If the exorbitant out-of-pocket cost of lawsuits for personal injury and other wrongful acts fails to cause extreme apprehension about the direction the U.S. legal system is moving, consider the adverse impact the proliferation of litigation has had on the character of Americans doing the suing, as well as those who fear being sued – not to mention the hostile emotions and counterproductive energy that are natural byproducts of adversarial proceedings. Add to that the resulting negative perception the world has of America’s once-vaunted legitimacy, and one could easily conclude that lawsuit-happy America is in really big trouble.
There was a time, however – and not too long ago – when America’s judges and lawmakers almost universally viewed litigation as a pariah. In those days, our Common Law tradition discouraged the urge to sue; Americans turned to litigation only as a last resort. There used to be a stigma attached to “going to court,” regardless of the reason.
Even Abraham Lincoln, a lawyer by trade, urged fellow lawyers to discourage litigation, despite the lure of money to be made by it. “Persuade your neighbors to compromise whenever you can,” he advised his colleagues, adding cynically, “There will still be business enough.”
In the past, when America was a meritocracy, people sensed what the law allowed and didn’t allow.
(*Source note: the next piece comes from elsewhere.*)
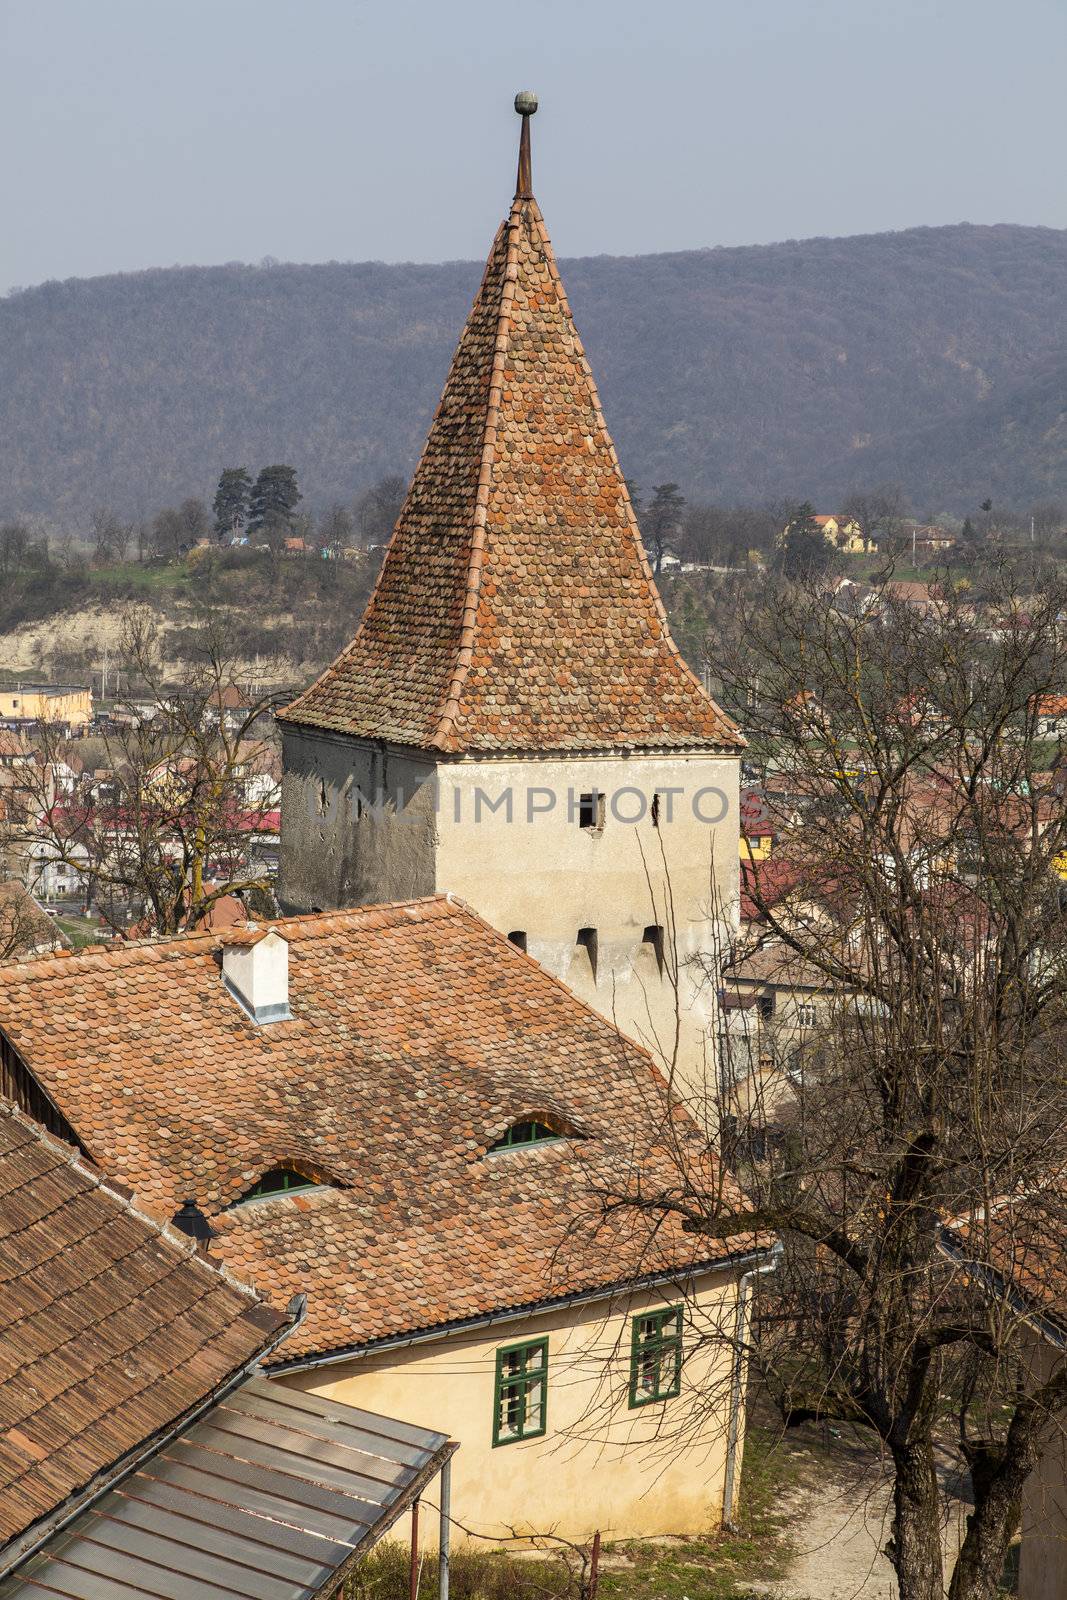 Te Furriers' Tower in the Sighisoara citadel from Transylvania,Romania,Europe.

Citizens felt accountable for their choices and took responsibility for their actions. They accepted risks they wouldn’t take now – not with the overhanging fear of potential liability that threatens every personal decision and activity today.
The public’s past antipathy about going to court tended to dampen the demand side of litigation. What kept the supply side largely in check were the American Bar Association’s now-defunct rules that forbade lawyers from instigating lawsuits.
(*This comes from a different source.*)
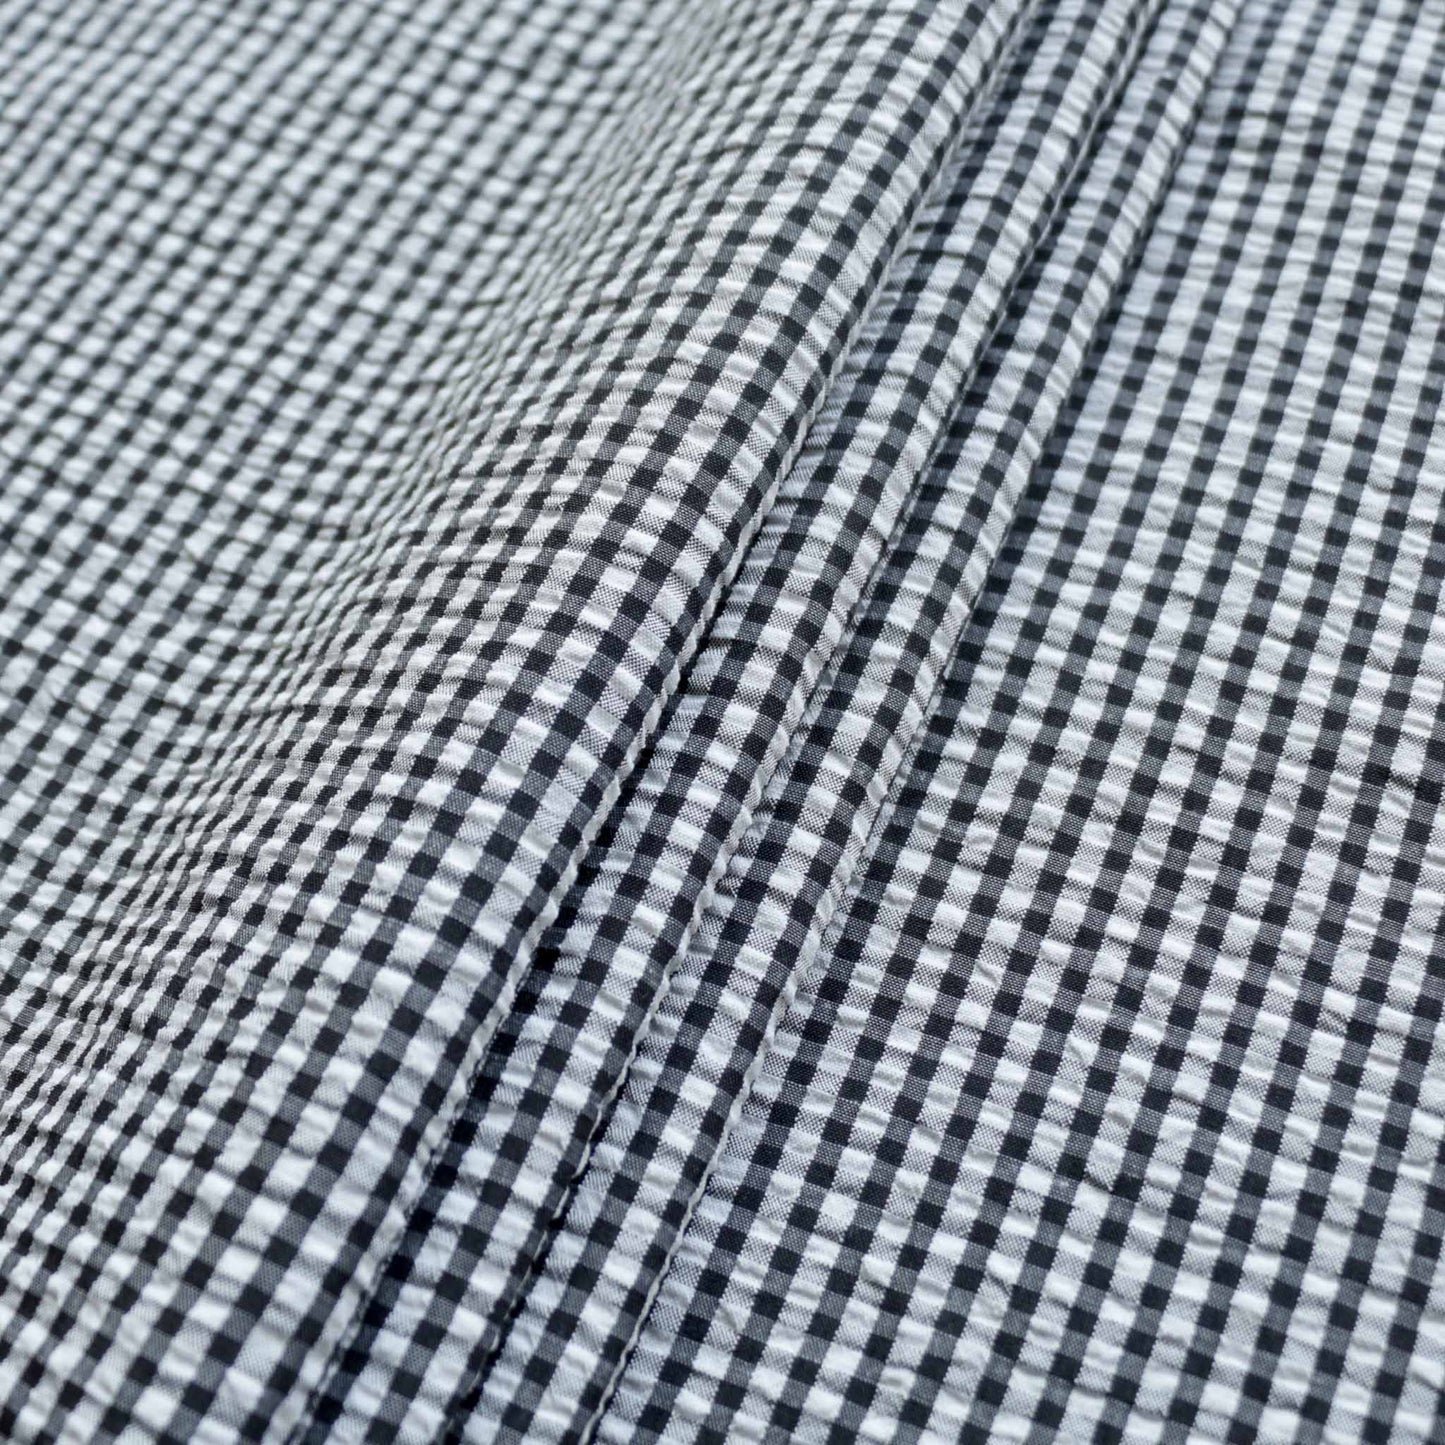 black and white folded seersucker dressmaking fabric in gingham print

Even so, the number of lawsuits in America increased gradually until 1977, when the Bar’s Rules of Professional Conduct changed abruptly. That’s when the Supreme Court in effect gave its blessing to anyone with an urge to sue.
By giving lawyers the right to advertise for clients, the highest court in the land opened the floodgates to litigation by energizing the pursuit of “the great god buck” that drives much of the law business today.
Thus began the transformation of America’s once-laudable tort system for the redress of civil grievances into what now amounts to little more than a get-rich-quick national lottery – the lawsuit lottery – where everybody plays, like it or not.